Oakley Hall essay
Dave Monroe
monropolitan at yahoo.com
Sun Aug 13 12:03:24 CDT 2006
The gnomic, gun-toting code of the West
By Katherine A. Powers | August 13, 2006
Page 2 of 2 -- The book is filled with such
magnificently archaic rough speech as well as scenes
of extraordinary visual power and historical
verisimilitude. The characters come before us and
reappear again, gaining more complexity as their
often-interlinked pasts are slowly filled in. But for
all the interplay between people, Warlock, the town,
is not so much a society but an ever-mutating
congeries. Rumor and fear sway the town, and its
cohesion and identity are constantly undermined by its
lack of legal status and the diverseness of its
populace: miners, their Mexican women, gamblers,
prostitutes, businessmen, itinerant cowboys, and a
scattering of transplanted upright individuals.
"We break into the camps of those wildly inclined, and
those soberly," reflects one of the town's good
citizens in his journal, "those irresponsible and
those responsible, those peace-loving and those outlaw
and riotous by nature; further, into the camps of
respect, and of fear -- I mean for oneself, and for
all decent things besides."
What is right and what wrong, and what a man's gotta
do, for that matter, become an intricate calculation
of unarticulated loyalties. The basis of the code of
the West, then, is essentially the absence of society.
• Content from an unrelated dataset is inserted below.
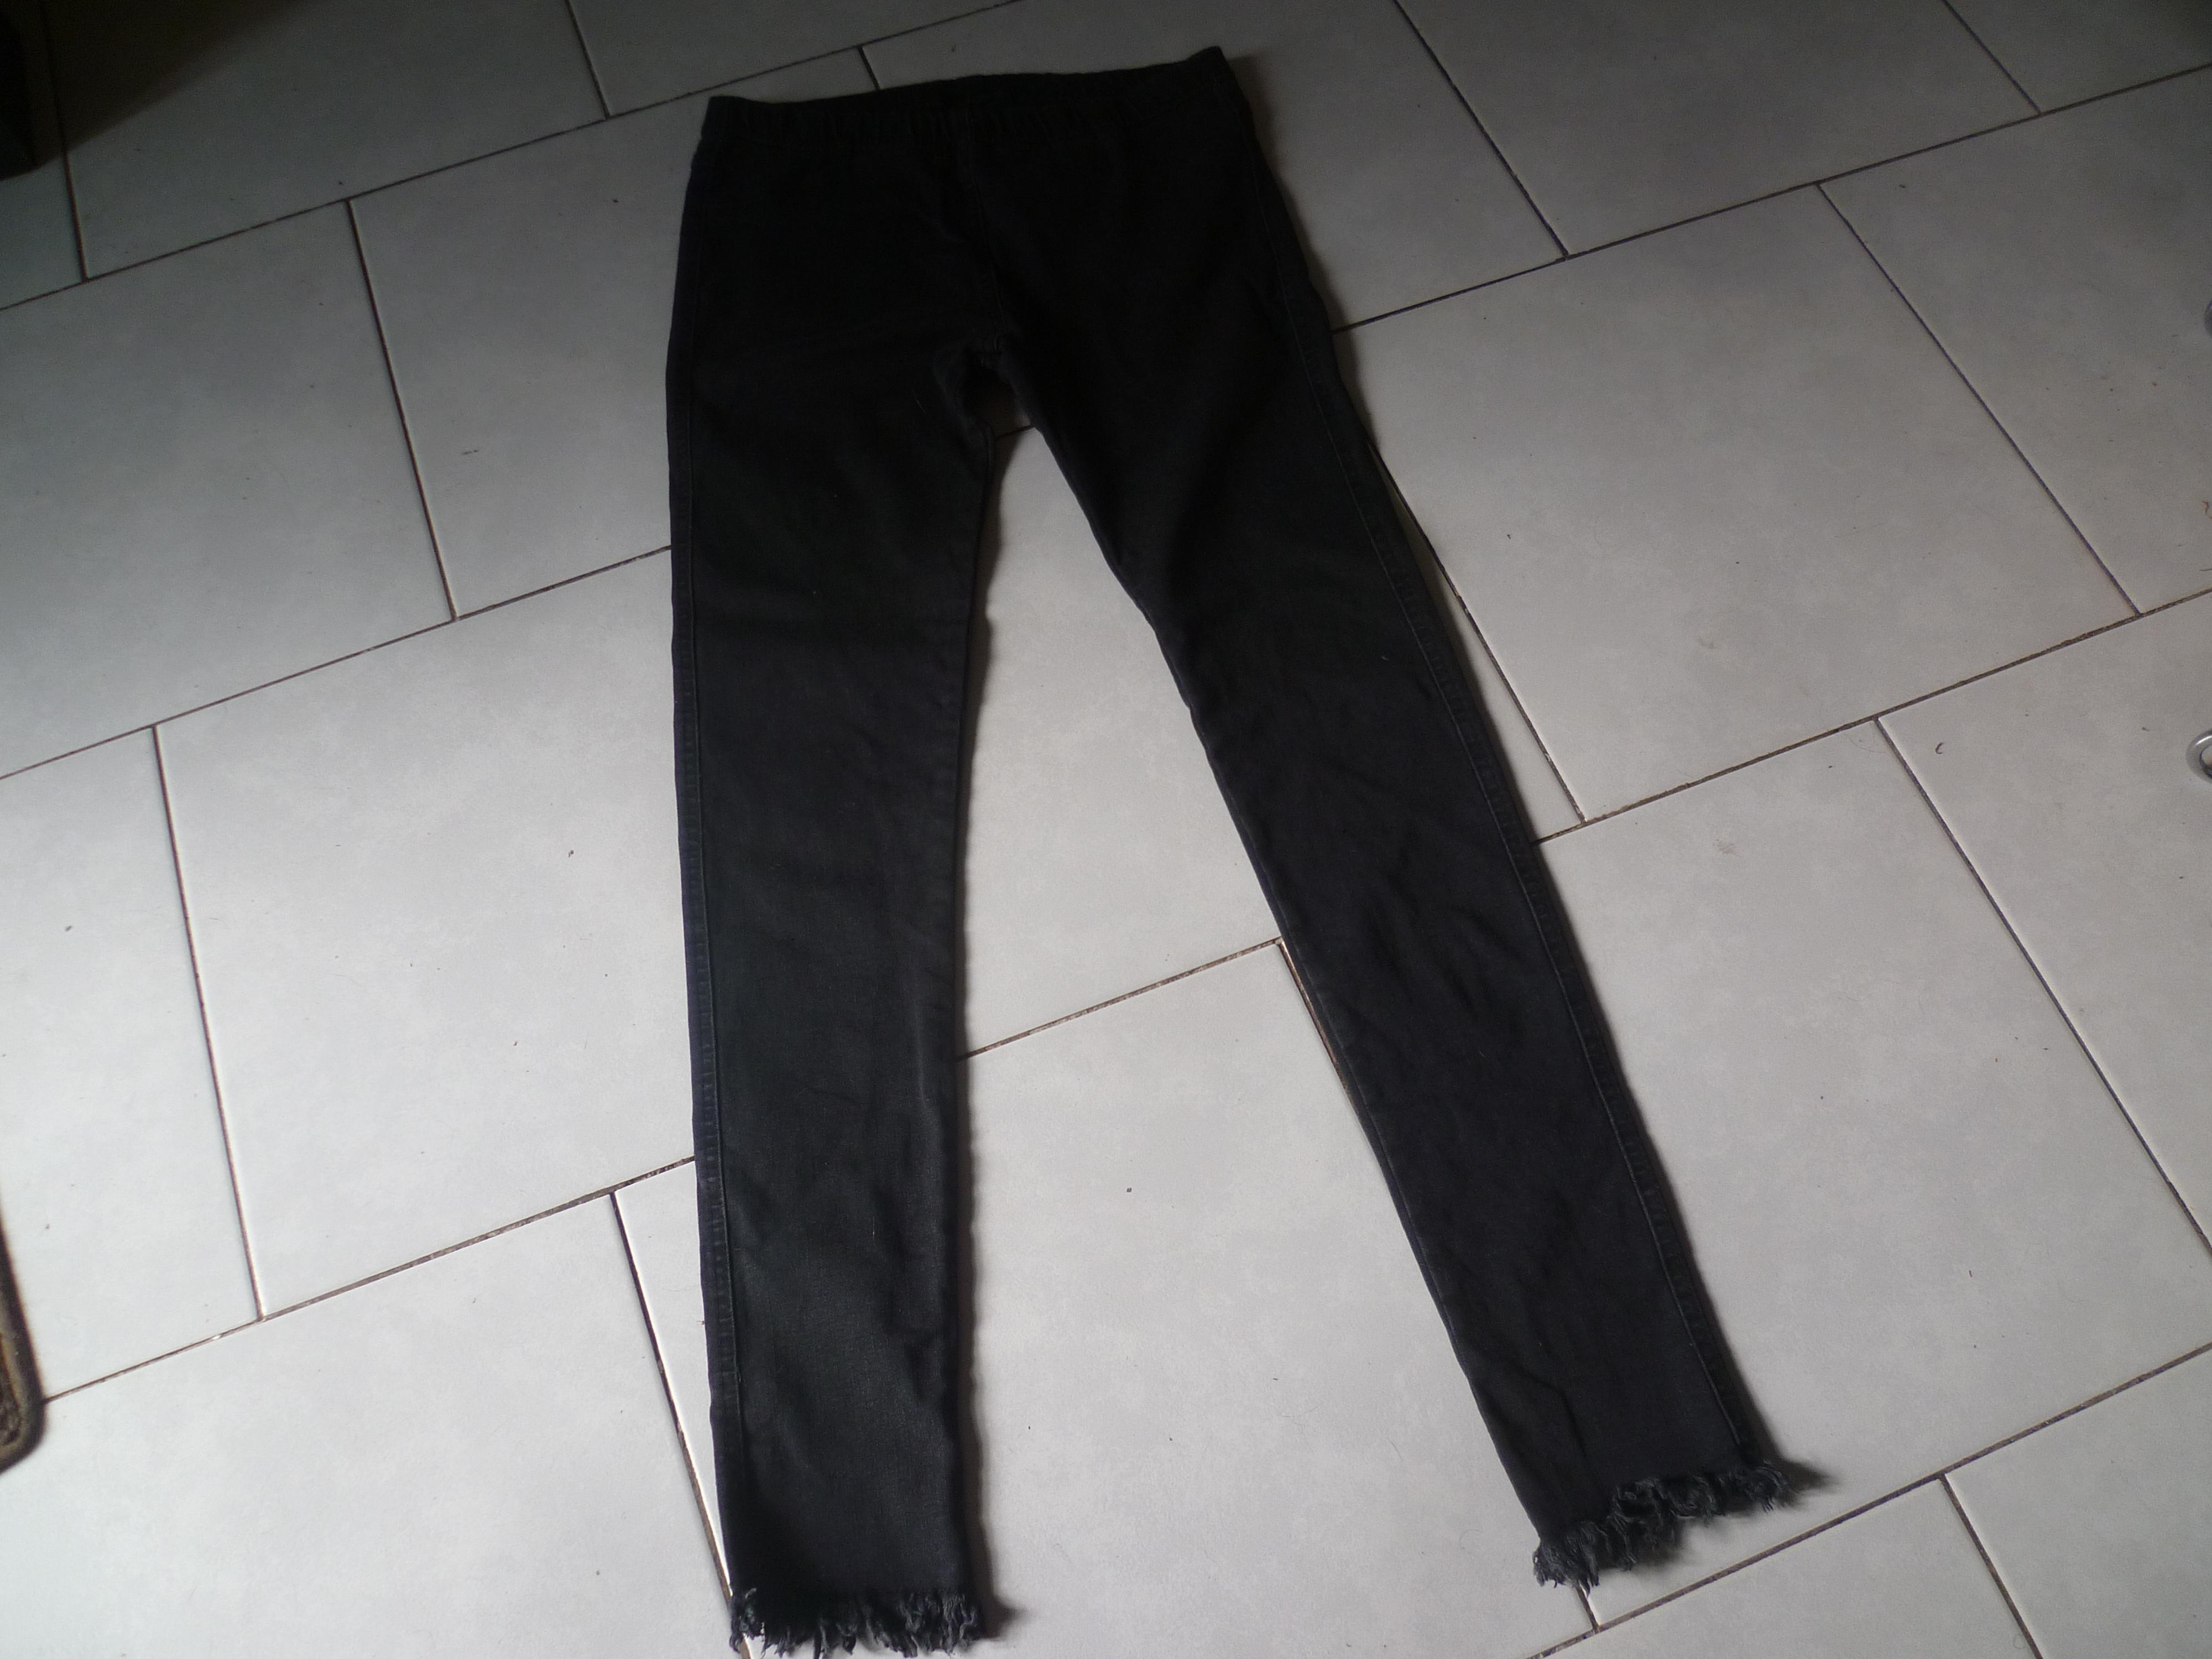 troc de troc jean noir - legging image 1
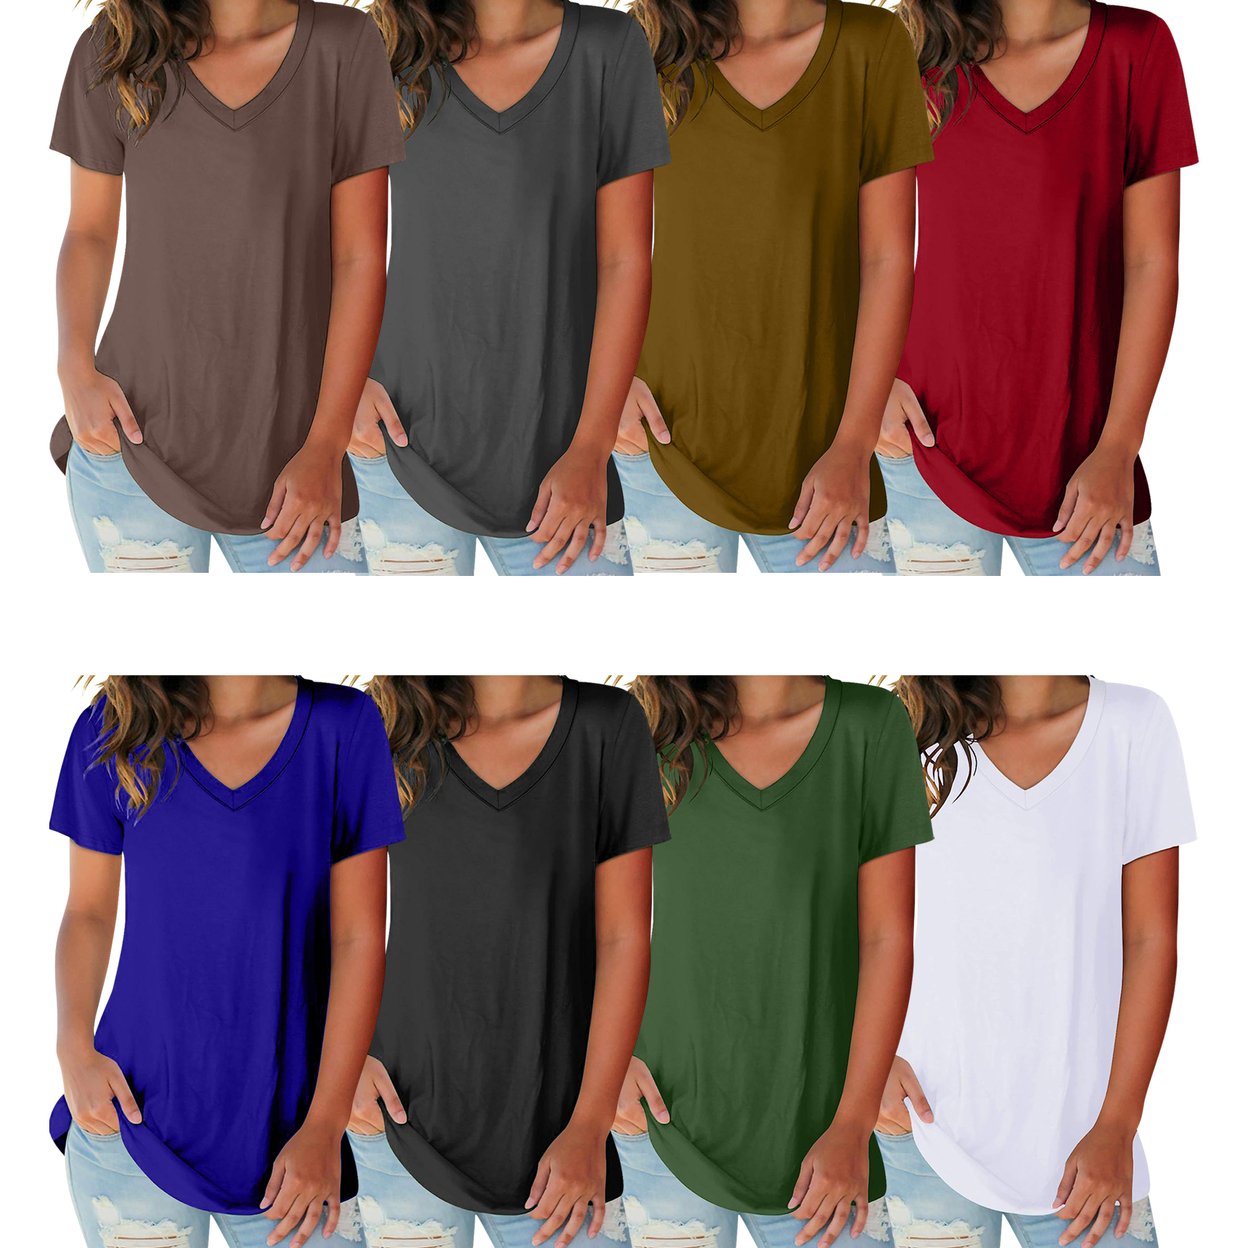 3-Pack: Women's Ultra Soft Smooth Cotton Blend Basic V-Neck Short Sleeve Shirts - Black, Grey Mustard, Large

Yes, I can follow the importance of this void, of a
sense of right and wrong forged in a brutal world, one
with few amenities and no tradition except violence, a
world wrested by force from the Indians. But as the
novel continued into its last 100 pages or so, it
became mired in terminal portentousness, and I found
myself unable to understand the motives and deeds of
its actors. Is this guy going to feel compelled to
shoot that guy, or that guy this, or is this other guy
going to feel he's got to haul off and shoot one or
the other or both so there's no shooting between them?
And, if so, why? And what about Miss Kate Dollar , the
whore with the heart of gold turned to a cinder? Will
she pull out her derringer and ruin the whole manly
business? I hoped she would.
Michael Pettit calls the cowboy "the most manly of
souls" in "Riding for the Brand: 150 Years of Cowden
Ranching" (University of Oklahoma , $29.95), and even
though I think Plantagenet Palliser could give any
cowpuncher a run for his money in the manliness
stakes, I will simply accept his point of view as
appropriate to a native of Texas and scion of ranching
stock. The book is part family saga, part Western
history, and part memoir filled with revelatory detail
and written in engaging prose with a touching pride of
family that seems to me especially Southwestern.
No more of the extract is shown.